My Own Particular Levee
On the first day of our family vacation, my husband rented a boogie board and my daughter dug holes in the sand.
I lay faceplanted on a towel for two hours, stress radiating off my body and seeping out my pores.
As I lay there, scenes from the previous few days played out. Thoughts of things I should've done at BlogHer -- people I should've met, things I should've said, posts I should've written -- rattled around. Every once in a while, my husband or daughter would come up to me, puzzled at my muteness. I'm normally an energetic person. Instead, I just lay there like a beached whale. Every once in a while, tears trickled out onto the sand.
After the beach, we drove an hour and a half up the coast and I fell asleep somewhere near Miramar, the hard, shuddering, paralysis sort of sleep, the sort I had every night during my vacation. Did you hear the people next door slamming doors? No. Did you hear the storm? No. I heard nothing. I slept the sleep of the dead.
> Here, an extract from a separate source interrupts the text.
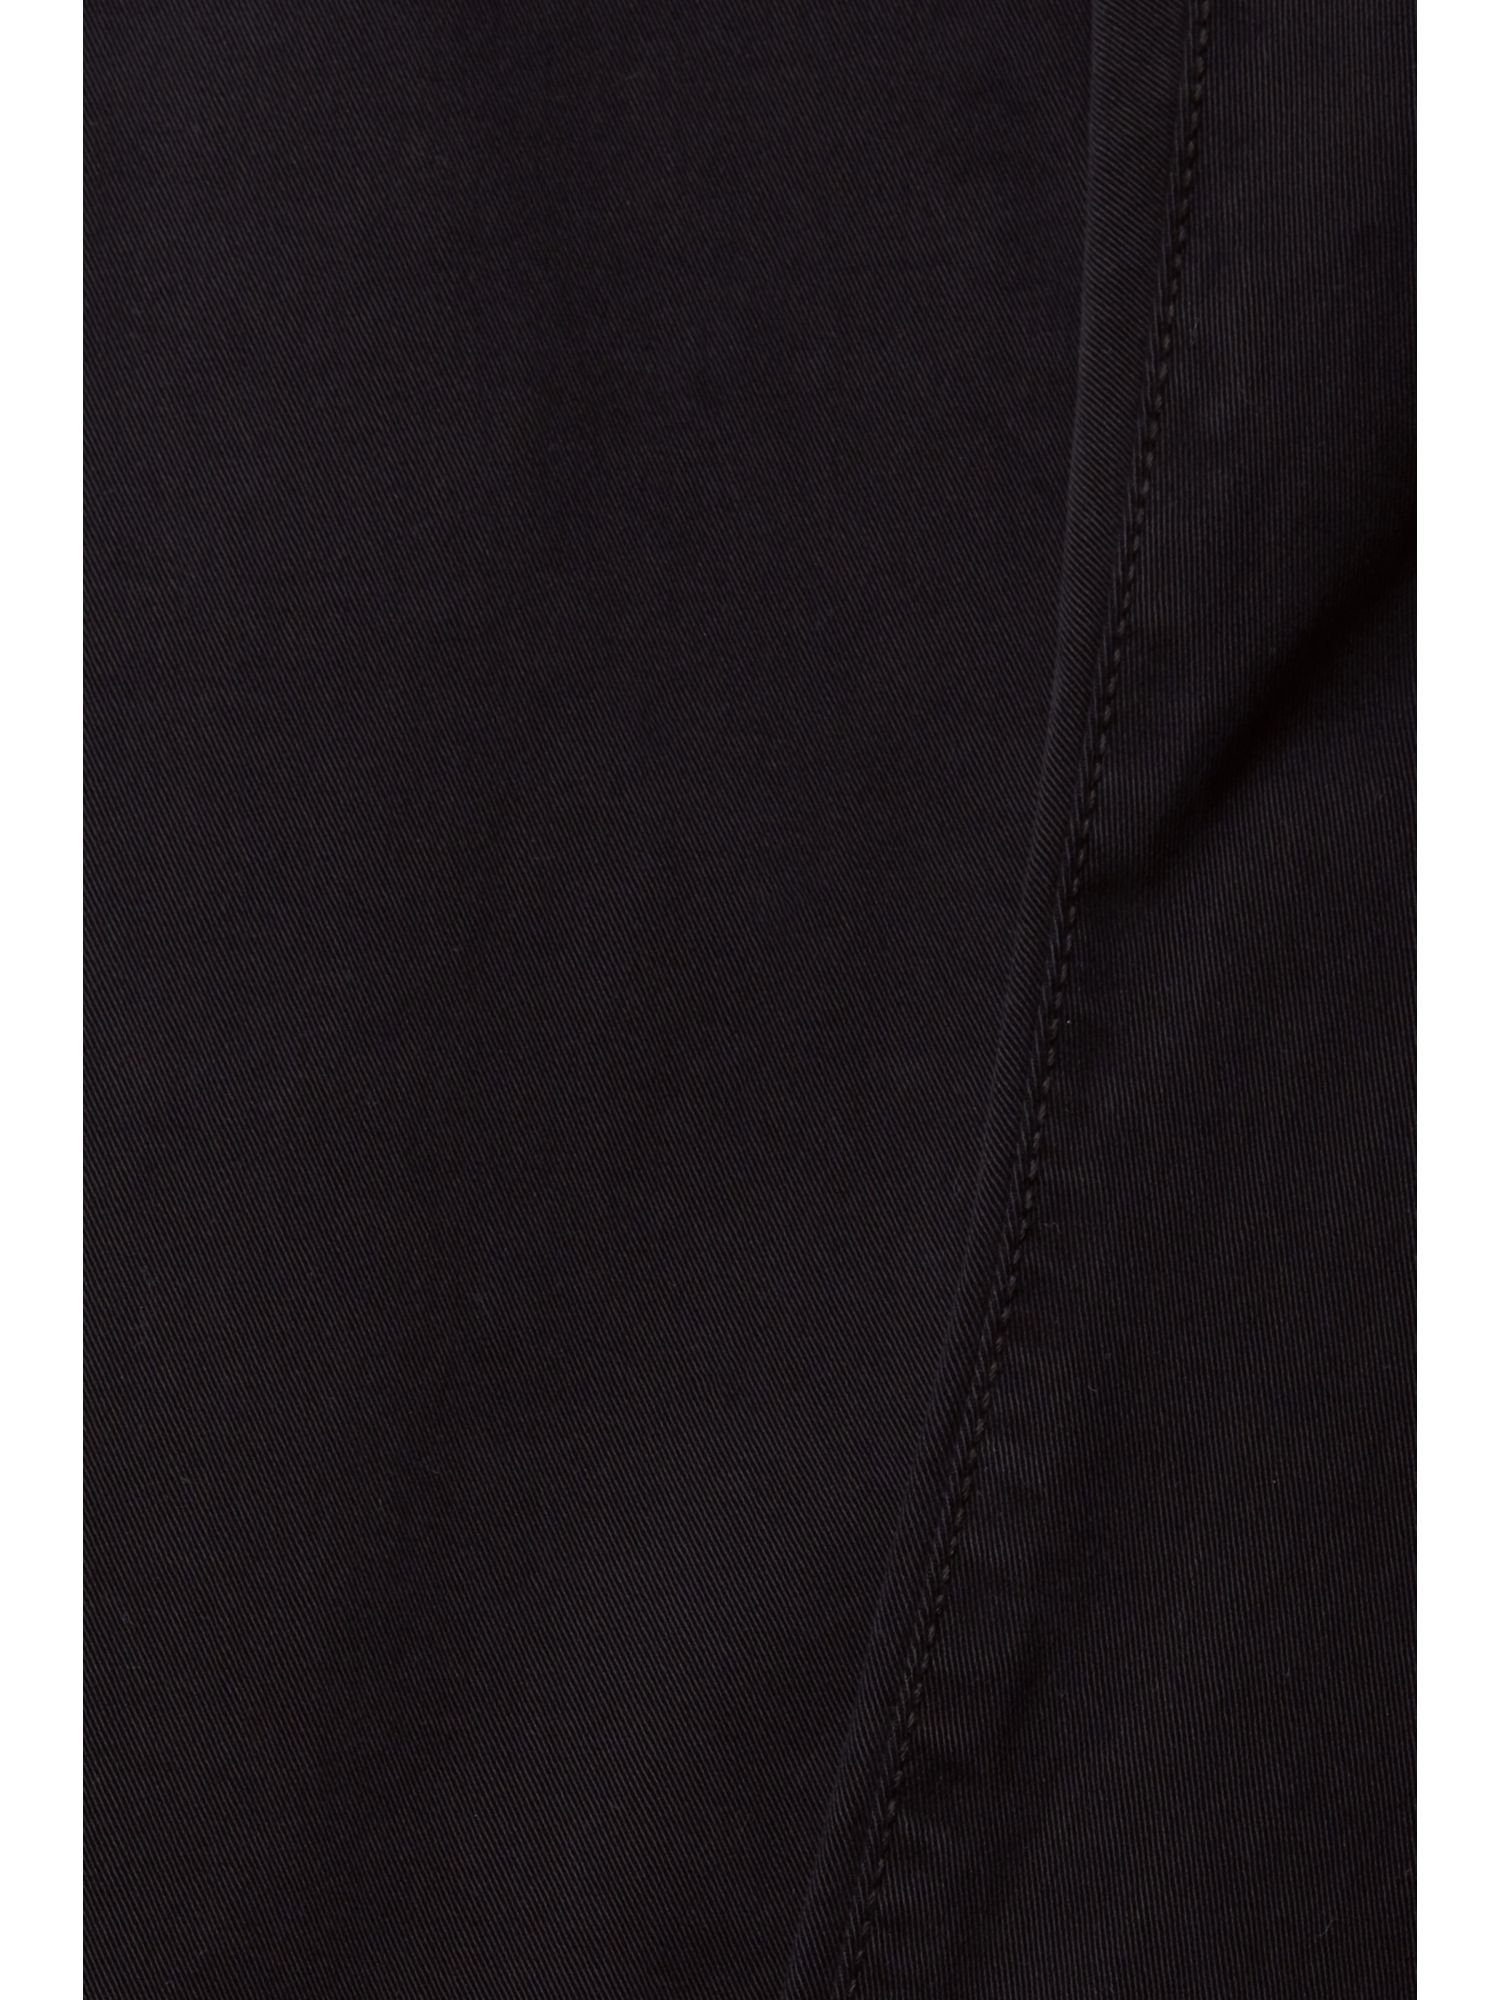 BLACK Stoffhose Slim-Fit-Hose Baumwolle aus Esprit organischer

Last week, I built a levee: No email. No Twitter. No blogging. No Internet.
I kept it up all week long, even after we came back home. I took my daughter shopping for school supplies. I went sailing with my husband. I sorted through the clothes I'd worn at BlogHer as though they were someone else's from a different lifetime.
While I was faceplanted in that sand on the beach, I asked myself why modern life is so much, why it all never ends. Maybe it's laptops, I thought. No, maybe it's email on our phones. Or the economy. Or the flexible nature of modern work, yes, that's it!
Maybe. But I don't have to have a blog. I don't have to write a novel. I don't have to volunteer on an arts board. I don't have to work beyond forty hours a week.
I don't have to have any friends.
As we were leaving San Diego, I asked my husband about the sea walls. They seemed pretty short to me, fairly useless against an ocean. He pointed out how far they were up the beach. I thought about the flooding along the Missouri River, how difficult it is to contain surging water.
I have shitty levees in my life.
Yesterday I picked back up the reins after a week away. At five I picked up my daughter and took her to meet her new teacher for second grade. We went to dinner. I gave her a bath, complete with a Wizard of Oz Celebriducks singing contest. I called my parents.
I didn't look at my laptop or my cell phone even though it literally made me nauseous not to do so.
I know from looking at my inboxes this morning that the email piled up against that levee last night. Even now -- by taking the time to take my daughter to summer camp and write this post -- it's threatening to spill over.
Should I move it farther up the beach? Build it higher? Take it down and let the world overwhelm me the way it did right before vacation? My sandbags never seem to hold for longer than two days, and I often grow weary of rebuilding.